# MATERIAL SHOWN
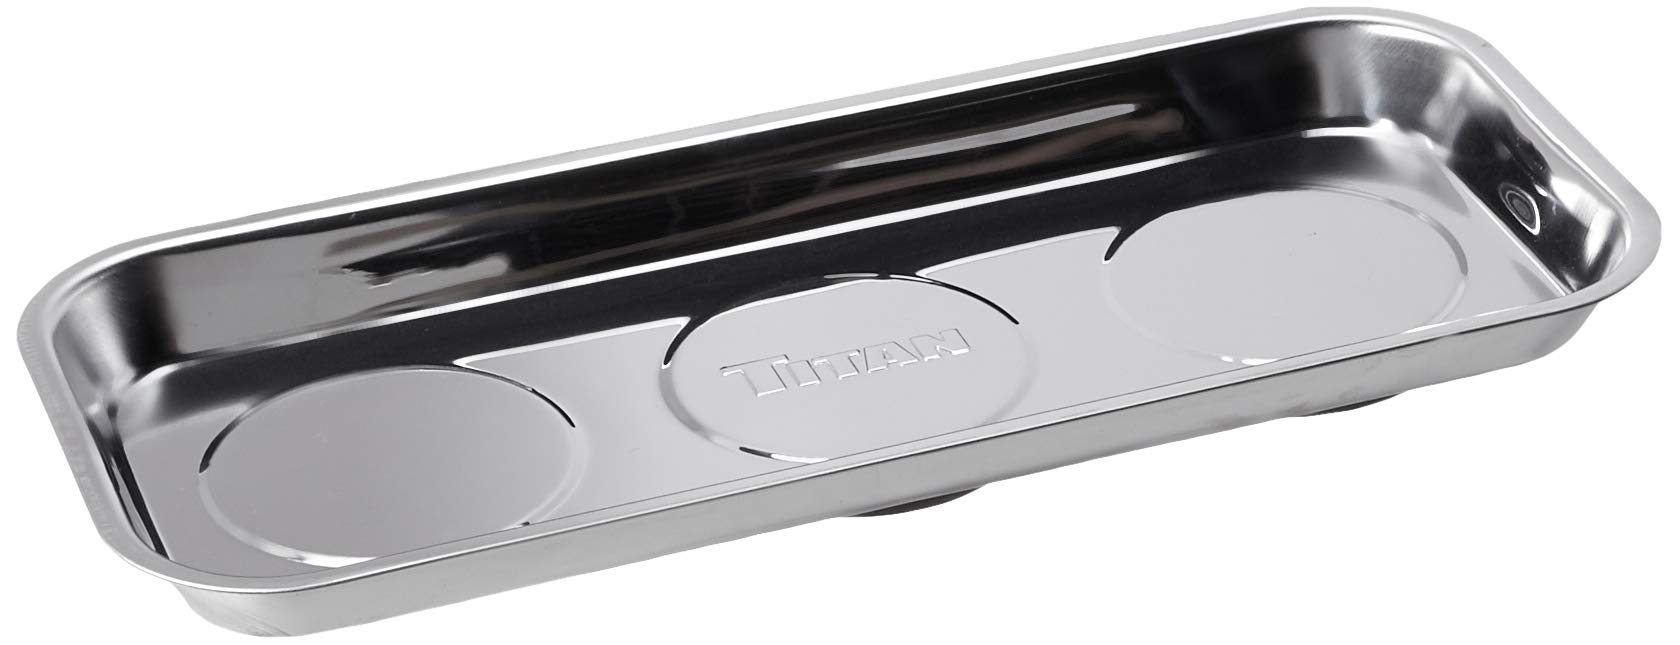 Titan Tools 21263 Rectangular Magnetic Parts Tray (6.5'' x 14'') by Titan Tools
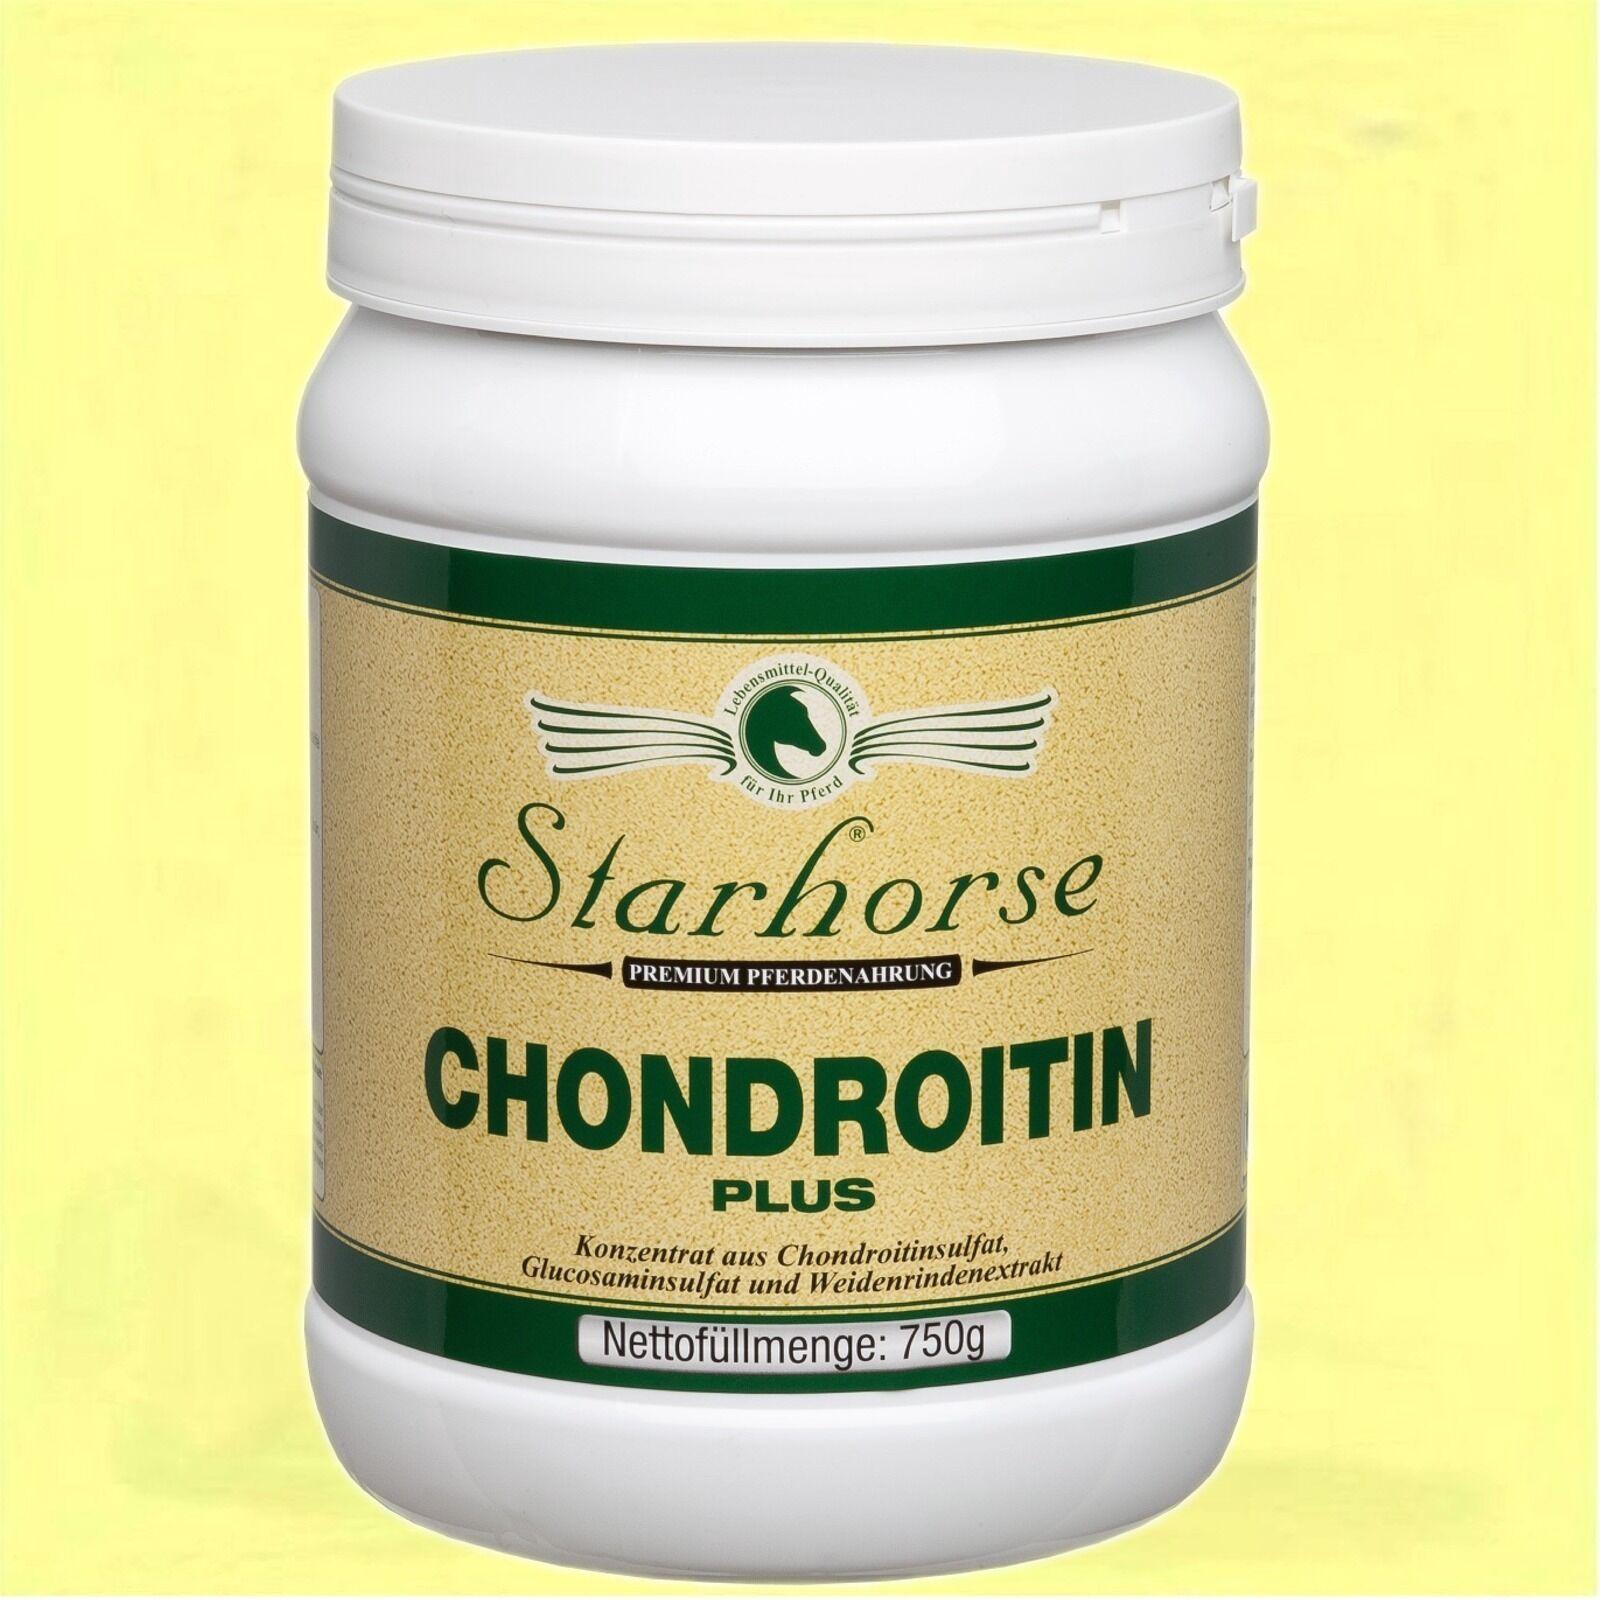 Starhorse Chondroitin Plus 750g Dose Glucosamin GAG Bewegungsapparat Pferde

==

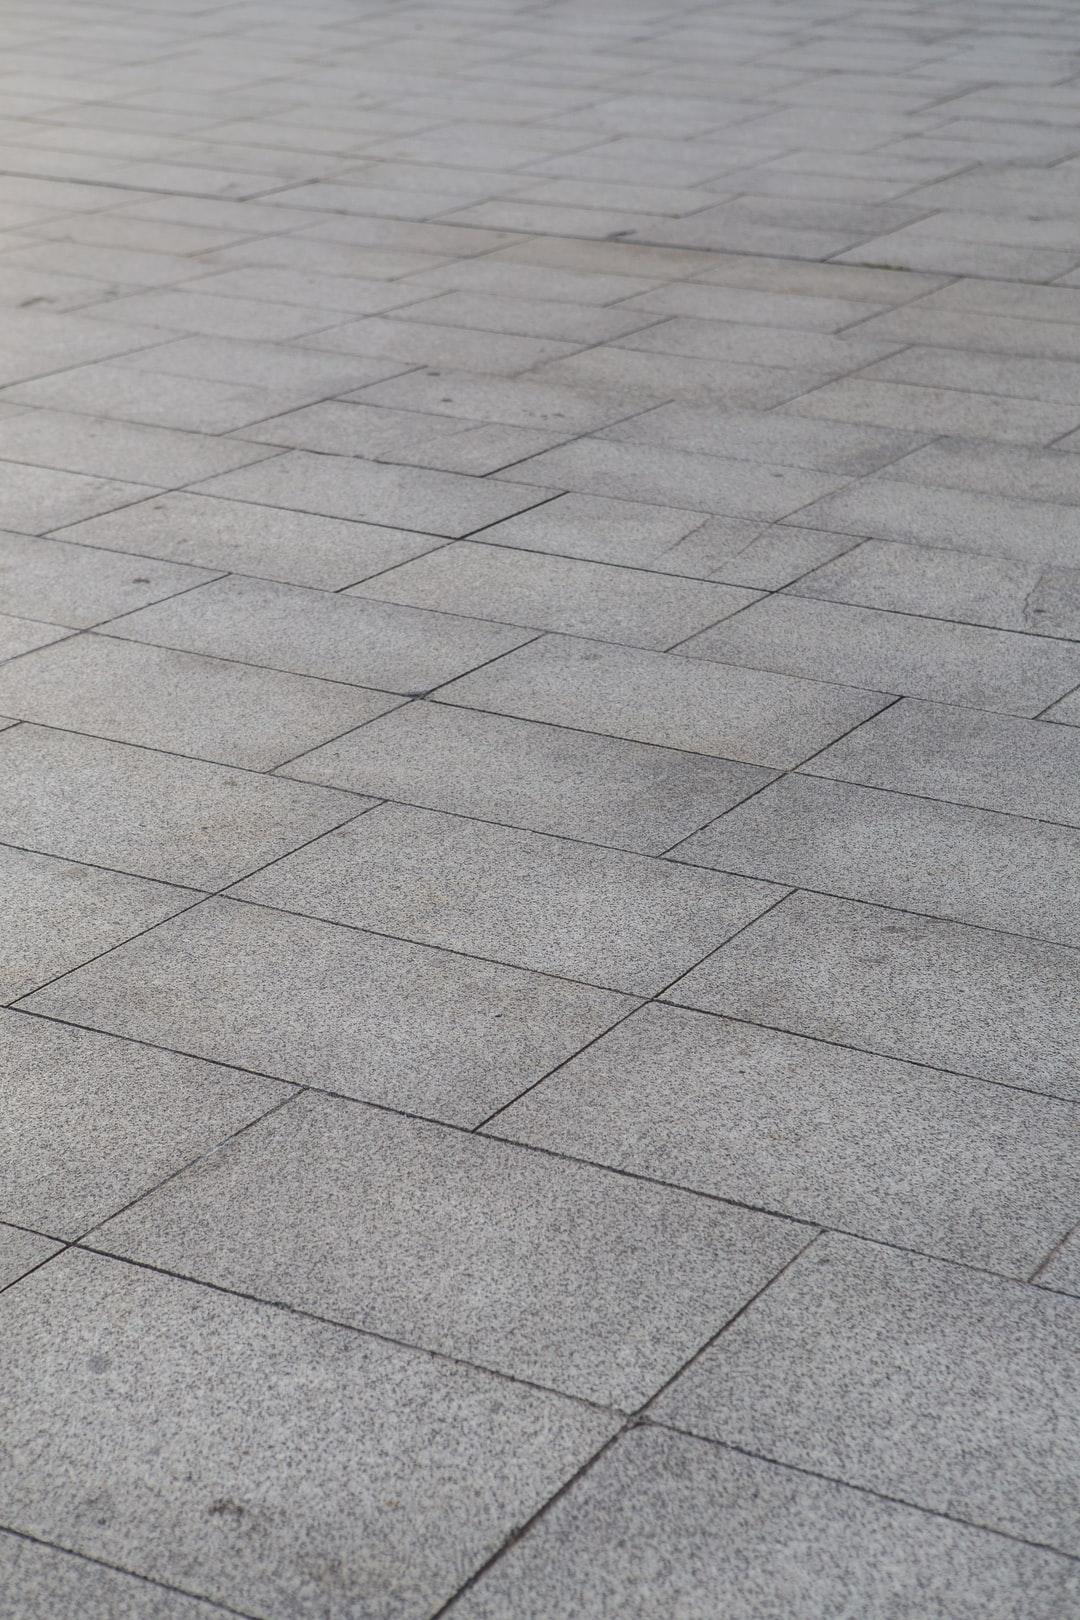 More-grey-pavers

# DIRECTIONS FOR THIS TASK
In the records above, everything from the line with "Titan Tools 21263" down to the line with "Starhorse Chondroitin Plus" must be duplicated exactly, both lines kept. Leave no pictures in.

# YOUR RESPONSE
 Titan Tools 21263 Rectangular Magnetic Parts Tray (6.5'' x 14'') by Titan Tools
 Starhorse Chondroitin Plus 750g Dose Glucosamin GAG Bewegungsapparat Pferde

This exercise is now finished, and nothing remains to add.